Records from a data source —
========================================

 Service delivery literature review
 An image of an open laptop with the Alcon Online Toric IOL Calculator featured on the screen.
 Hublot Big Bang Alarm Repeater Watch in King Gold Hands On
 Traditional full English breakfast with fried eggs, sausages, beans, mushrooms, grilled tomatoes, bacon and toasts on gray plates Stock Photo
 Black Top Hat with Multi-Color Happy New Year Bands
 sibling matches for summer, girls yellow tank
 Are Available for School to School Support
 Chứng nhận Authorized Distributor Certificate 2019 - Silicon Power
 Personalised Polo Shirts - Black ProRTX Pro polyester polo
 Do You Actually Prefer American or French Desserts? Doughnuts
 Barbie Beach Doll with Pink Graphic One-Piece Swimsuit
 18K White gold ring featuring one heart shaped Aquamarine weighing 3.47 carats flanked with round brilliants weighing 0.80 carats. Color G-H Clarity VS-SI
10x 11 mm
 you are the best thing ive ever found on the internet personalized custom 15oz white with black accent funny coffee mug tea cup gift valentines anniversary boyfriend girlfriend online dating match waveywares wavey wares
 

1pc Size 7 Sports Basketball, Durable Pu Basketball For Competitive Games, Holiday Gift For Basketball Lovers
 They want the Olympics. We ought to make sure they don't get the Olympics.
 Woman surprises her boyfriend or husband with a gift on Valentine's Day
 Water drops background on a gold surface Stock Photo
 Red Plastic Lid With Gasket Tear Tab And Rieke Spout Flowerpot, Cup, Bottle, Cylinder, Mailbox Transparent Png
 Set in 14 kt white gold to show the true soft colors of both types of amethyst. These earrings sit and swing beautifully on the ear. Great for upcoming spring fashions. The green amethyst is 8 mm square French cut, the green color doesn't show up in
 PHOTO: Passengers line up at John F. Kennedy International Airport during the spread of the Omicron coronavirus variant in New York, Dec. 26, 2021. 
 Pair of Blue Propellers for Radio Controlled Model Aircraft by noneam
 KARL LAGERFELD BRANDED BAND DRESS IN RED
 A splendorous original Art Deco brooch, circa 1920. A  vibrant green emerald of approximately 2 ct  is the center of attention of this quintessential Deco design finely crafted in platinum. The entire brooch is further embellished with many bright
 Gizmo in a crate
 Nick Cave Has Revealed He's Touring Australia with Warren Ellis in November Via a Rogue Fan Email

========================================

TASK OBJECTIVE — Nothing but the lines from the start of the data above through the line with "Personalised Polo Shirts" should appear in your answer, copied exactly.

OUTPUT OF THE TASK —
 Service delivery literature review
 An image of an open laptop with the Alcon Online Toric IOL Calculator featured on the screen.
 Hublot Big Bang Alarm Repeater Watch in King Gold Hands On
 Traditional full English breakfast with fried eggs, sausages, beans, mushrooms, grilled tomatoes, bacon and toasts on gray plates Stock Photo
 Black Top Hat with Multi-Color Happy New Year Bands
 sibling matches for summer, girls yellow tank
 Are Available for School to School Support
 Chứng nhận Authorized Distributor Certificate 2019 - Silicon Power
 Personalised Polo Shirts - Black ProRTX Pro polyester polo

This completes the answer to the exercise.